Comics / Manga

Wolverine: Prodigal Son Volume 1


By Leroy Douresseaux
April 6, 2009 - 09:47

wolverineprodigalson01.jpg
Wolverine: Prodigal Son Volume 1 cover image is courtesy of barnesandnoble.com.

Rating “T” for “Ages 13+”

Del Rey Manga signed a deal with Marvel Entertainment to produce global manga (or OEL – original English language manga) featuring characters from the X-Men franchise.  The first book from that deal is Wolverine: Prodigal Son.  Written by Antony Johnston (Wasteland, Oni Press) and drawn by Wilson Tortosa (Battle of the Planets, Top Cow/Image), this global manga presents a Wolverine quite different from the one readers know.

Wolverine: Prodigal Son, Vol. 1 opens somewhere in the wilds of Canada at the martial arts school, Quiet Earth School for Young People.  Some years prior, Mr. Elliot, the school headmaster, found a young Logan on the school doorstep and gave the lost boy the nickname, “Wolverine,” after the animal found guarding him.  The boy remembers his name, “Logan,” but remembers nothing else about his past.  Although he forms a cantankerous friendship with Mr. Elliot’s daughter, Tamara, the teenaged Logan is bored and restless, yearning to see the whole wide world outside Quiet School.  When Logan does venture out into the world, he finds a dark conspiracy set against him, one that might reveal his past, but one certainly determined to destroy his present and perhaps, his future.

THE LOWDOWN:  Del Rey Manga and writer Antony Johnston present Wolverine: Prodigal Son as a shonen manga (comics for teenage boys), so this book is filled with the kind of frenetic energy that permeates so many shonen titles.  Johnston has fashioned a well-developed supporting cast, but his focus is on his surprisingly enjoyable take on Wolverine/Logan, whom Johnston presents as a series of dualities.

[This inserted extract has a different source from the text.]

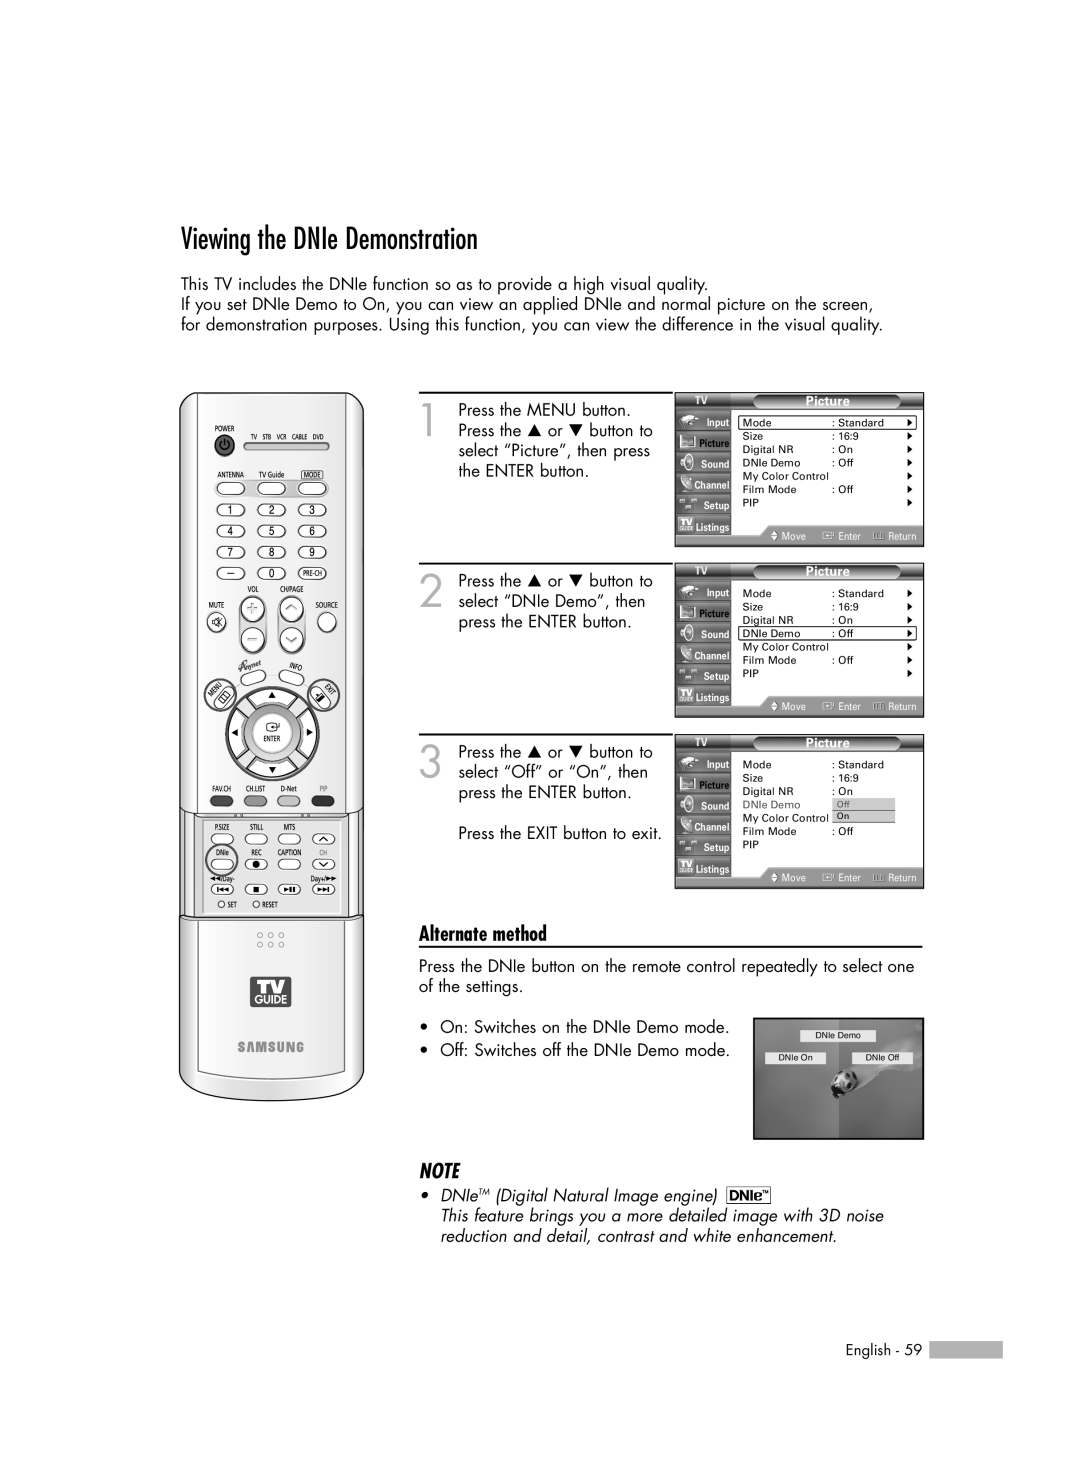 Samsung HL-R5688W manual Viewing the DNIe Demonstration, Alternate method, DNIeTM Digital Natural Image engine

For instance, he is the loner Wolverine, who doesn’t need the school anymore, but he’s also Logan, whose body and spirit seems welded to his teachers and classmates, with whom he often spars.  Johnston best portrays this in a conversation between Logan and Mr. Elliot that takes place high in the forest trees.  In this scene, we watch Wolverine’s need to escape (which he readily expresses) and Logan’s need for the school (which he barely, grudgingly admits) at war inside him.  He is also Wolverine, the animal that will extend its claws when cornered or when Logan discovers that he is about to lose a fight and lose face.  On the other hand, the character is Logan, more human that the rest of the cast, and the one who struggles to fight for something bigger than himself and for more than just survival and victory.

Artist Wilson Tortosa blends visual styles of American and Japanese comics to create the art for Wolverine: Prodigal Son.  It is American in its attention to detail and texture and in the way Tortosa cartoons human anatomy.  On the other hand, the expressiveness of body language, the sense of constant movement, and the emphasis on emotions and psychological impression comes from Japanese comics.  This style blends the detail and realism of Jim Lee, the line of Andy Kubert, and the grittiness of Yoshinori Natsume (Togari, VIZ Media), with some John Buscema thrown into the mix.

For all that style, Tortosa’s most impressive accomplishment is the way he visualizes the character drama and suspense of Johnston’s story.  He transforms it into an explosive action comic of intense emotions, which captures both Logan/Wolverine’s internal and external battles in a superb graphic narrative.  That’s why Wolverine: Prodigal Son is a flat-out success.  Together, Johnston and Tortosa have produced a great Wolverine manga that is as good as the now-classic, 1982 Chris Claremont-Frank Miller Wolverine miniseries.

POSSIBLE AUDIENCE:  Wolverine and X-Men fans will certainly want Wolverine: Prodigal son.